From the definition of the probability of extinction, it follows that if $$\mu \leq 0$$, then $$X_t \to 0$$ in probability. Further, if the inequality is strict, $$\mu < 1$$, then $$X_t \to 0$$ in mean square - this does not hold for $$\mu = 1$$.

Proof: Convergence of a branching process in probability and in mean-square

To show that $$X_t \to 0$$ in probability, suppose $$\mu \leq 1$$, let $$\epsilon > 0$$ and consider

\begin{split}\begin{align} \mathbb{P}(X_t > \epsilon) &= 1 - \mathbb{P}(X_t \leq \epsilon)\\ &= 1 - \big(\mathbb{P}(X_t = 0) + \mathbb{P}(0 < X_t \leq \epsilon)\big). \end{align}\end{split}

From the extinction survival theorem, $$\mathbb{P}(X_t = 0) \to 1$$ as $$t \to \infty$$ so

\begin{align} \mathbb{P}(X_t > \epsilon) &= 1 - \big(\mathbb{P}(X_t = 0) + \mathbb{P}(0 < X_t \leq \epsilon)\big) \leq 1 - \mathbb{P}(X_t = 0) \to 0, \text{ as } t \to \infty, \end{align}

and $$X_t \to 0$$ in probability. We now treat the mean-square case.
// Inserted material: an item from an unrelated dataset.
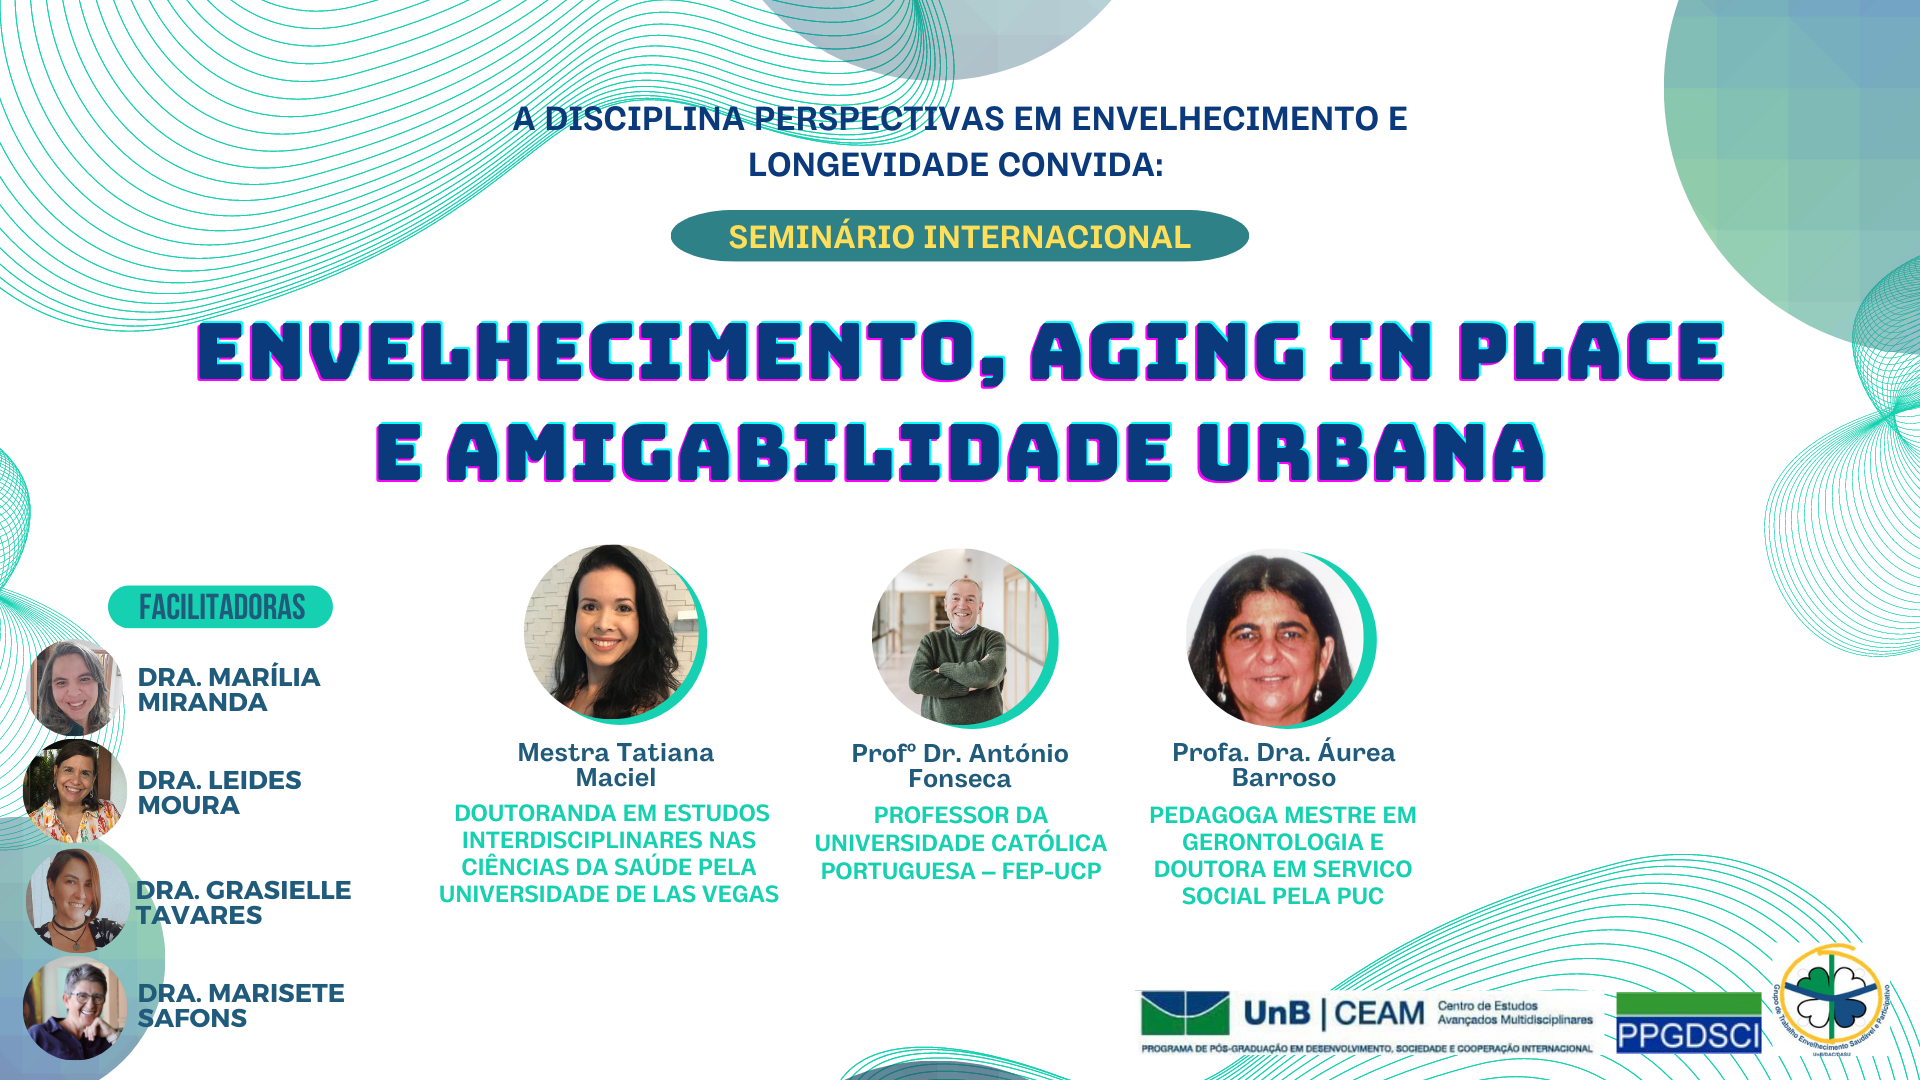 Seminário Internacional - Envelhecimento, Aging in Place e Amigabilidade Urbana

Consider

\begin{align} \mathbb{E}(X_t^2) &= \text{Var}(X_t) + \mathbb{E}(X_t)^2. \end{align}

Using the law of total variance

\begin{split}\begin{align} \text{Var}(X_t) &= \text{Var}_{X_{t - 1}}(\mathbb{E}_{X_t}(X_t | X_{t - 1})) + \mathbb{E}_{X_{t - 1}}(\text{Var}_{X_t}(X_t | X_{t - 1}))\\ &= \text{Var}_{X_{t - 1}}(\mu X_{t-1}) + \mathbb{E}_{X_{t - 1}}(X_{t - 1} \sigma^2)\\ &= \mu^2 \sigma_{t - 1}^2 + \mu^t \sigma^2 \end{align}\end{split}

Proceeding recursively, we obtain

\begin{split}\begin{align} \sigma_1^2 &= \sigma^2 \\ \sigma_2^2 &= \mu \sigma^2 + \mu^2 \sigma^2\\ &~\vdots \\ \sigma_t^2 &= \mu^{t-1} \sigma^2 + \mu^t \sigma^2 + ... + \mu^{2t - 1} \sigma^2, \end{align}\end{split}

which is a geometric sum. In the special case of $$\mu = 1$$, we see that $$\sigma_t^2 = t \sigma^2$$. If $$\mu \neq 1$$, we can use the geometric sum to obtain

\begin{align} \sigma_t^2 &= \sigma^2 \mu^{t - 1} \frac{1 - \mu^t}{1 - \mu}. \end{align}

Substituting these results into the expression for $$\mathbb{E}(X_t^2)$$ we obtain

\begin{split}\begin{align} \mathbb{E}(X_t^2) = \begin{cases} 1 + t\sigma^2 & \text{ if } \mu = 1\\ \mu^{2t} + \sigma^2 \mu^{t - 1} \frac{1 - \mu^t}{1 - \mu} & \text{ if } \mu \neq 1. \end{cases} \end{align}\end{split}

Therefore $$\mathbb{E}(X_t^2) \to 0$$, implying that $$X_t \to 0$$ in mean-square if and only if $$\mu < 1$$.